On some days, water temperature can drop quite dramatically, sometimes more than 10 degrees following an upwelling from a persistently blowing south or southwest wind. These water temperature drops can temporarily shut down fluke feeding in any area until the waters warm. Sometimes, fishing adjacent to large steel wrecks can still be productive under these conditions since the metal retains and dissipates the heat. Wrecks farther out are less subject to these upwellings then the wrecks within 10 miles of the shoreline.

Bottom visibility can vary from day to day, and may completely shut off a bite on a wreck laden with big fluke. Fluke are bottom feeders and need decent water clarity to hunt. The clarity of the surface water is not always predictive of the clarity beneath the thermocline, particularly on the bottom. If you’re catching plenty of sea bass but few fluke, it is usually because the bottom is stirred up, making feeding difficult for fluke, but not as difficult for sea bass because they can feed higher in the water column. Returning to fish the same wreck another day, perhaps under different conditions, can result in a completely different fishing experience. Over time, experienced captains learn which winds provide good water visibility in different areas.

As the season progresses, the amount of fluke on a wreck will vary as well. The nearshore wrecks will load up with fluke in May and early June because the fish have moved in from offshore. By midsummer, they are joined by fluke that had migrated to the backwaters and bays and are now moving back out. Toward the end of the fluke season, the concentration of fish on inshore wrecks may start to diminish as fluke begin to migrate offshore. In September, the offshore wrecks can be most productive since they experience less pressure and are on the migratory path of the outbound fluke.

Wreck-fishing is an exciting, action-filled, and challenging way to fish for fluke. It is also one of the fastest ways to catching that double-digit doormat you will brag about for the rest of your life!

11 on “Shipwreck Doormats

  1. Col. Musty

    Great article on fluke, I have caught several big fluke this way and I smoke them. I enjoy smoke flavor.

  2. The Impending Disaster

    A very informative article. I think the timiming is correct as to when the flounder are inshore and when they move out to wrecks.
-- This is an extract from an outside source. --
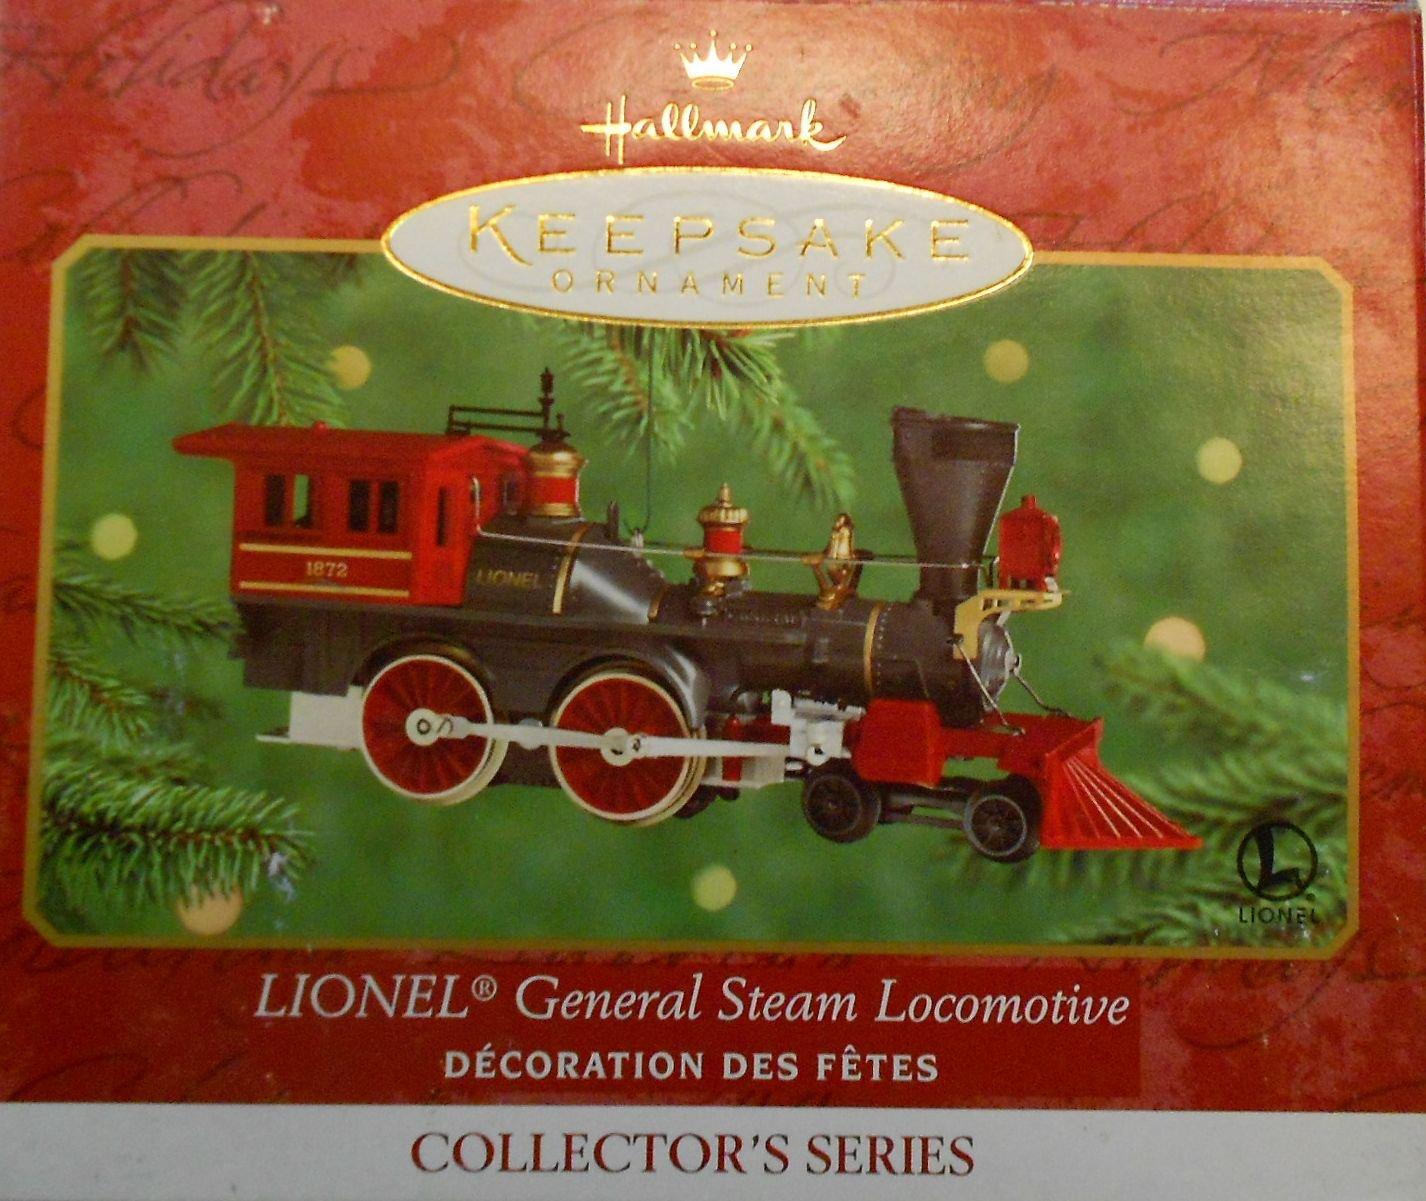 QX6684 Lionel General Steam Locomotive Lionel Trains 5th Hallmark Keepsake Ornament 2000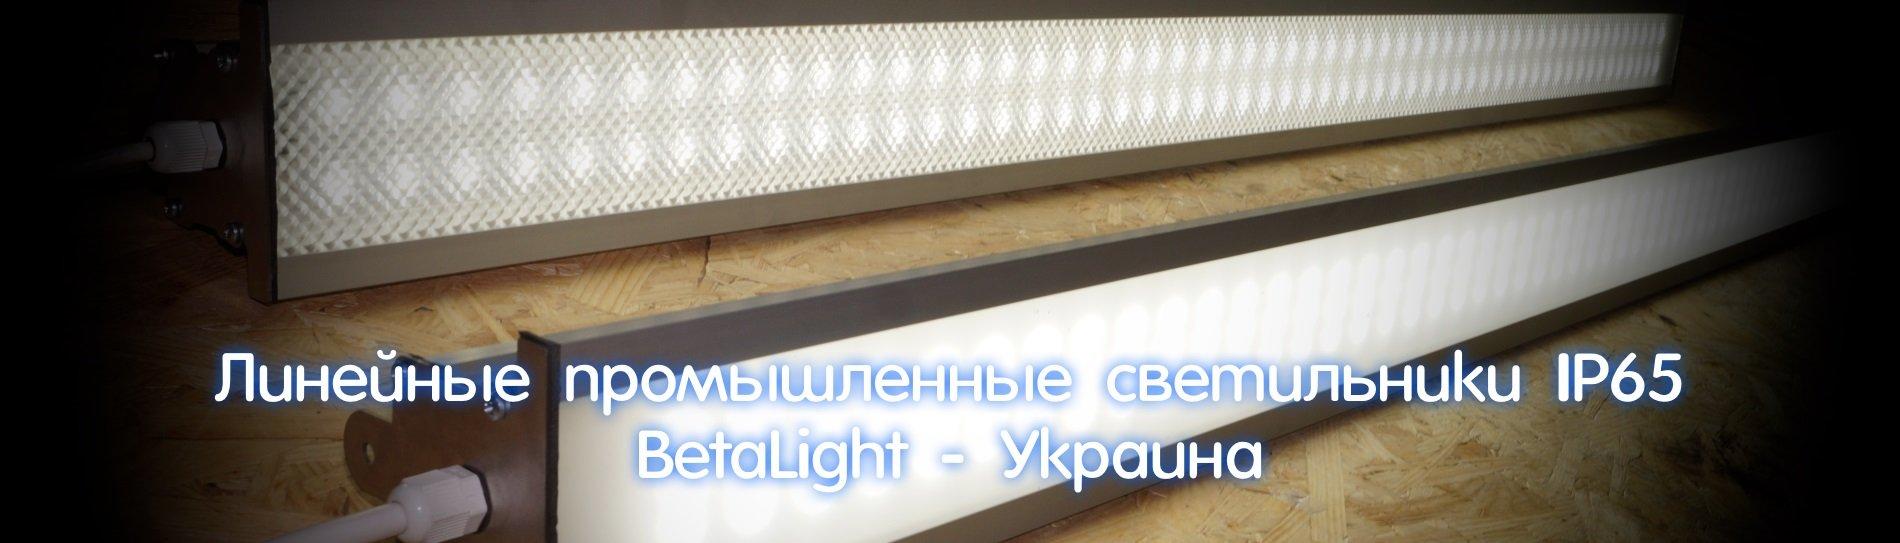 Линейные промышленные светильники IP-65

  3. Joe Scafidi aka RodFather

    Another great read Captain. Harv. Always look forward to your insight and experience.

  4. Bill Haass

    Great article, I installed my new sonar chart plotter and can’t wait to give it a shot .

  5. Bob Langelius, Sr.

    Good stuff!! Clear and logical. shows a real insight borne of significant time on the “wrecks” offshore.
    Thanks for sharing!!

  6. Rich Bauser

    I don’t mean to be critical but you should have used pictures of larger fluke. By today’s standards the fish in your article are barely keepers.

    1. Col. Musty

      Those are nice fluke yo should try a positive outlook you will feel better.

      1. Rich Bauser, you sound just like my wife, well done, you made me chuckle. Have a nice day.

        I don’t mean to be critical but you should have used pictures of larger fluke. By today’s standards the fish in your article are barely keepers.

    2. Capt Harv

      Unfortunately the pictures I sent (of much larger fish) got misplaced and weren’t used with the article.

  7. Scott T.

    Great read Harv…gets me ready for summer and losing rigs on this darned rail cars! Totally worth it when you bring up that big one though!!

  8. Steven K Costalas

    Very nice review. Obviously everyone wants to fish on the wreck. I always felt hovering above structure is the best bite. Thanks!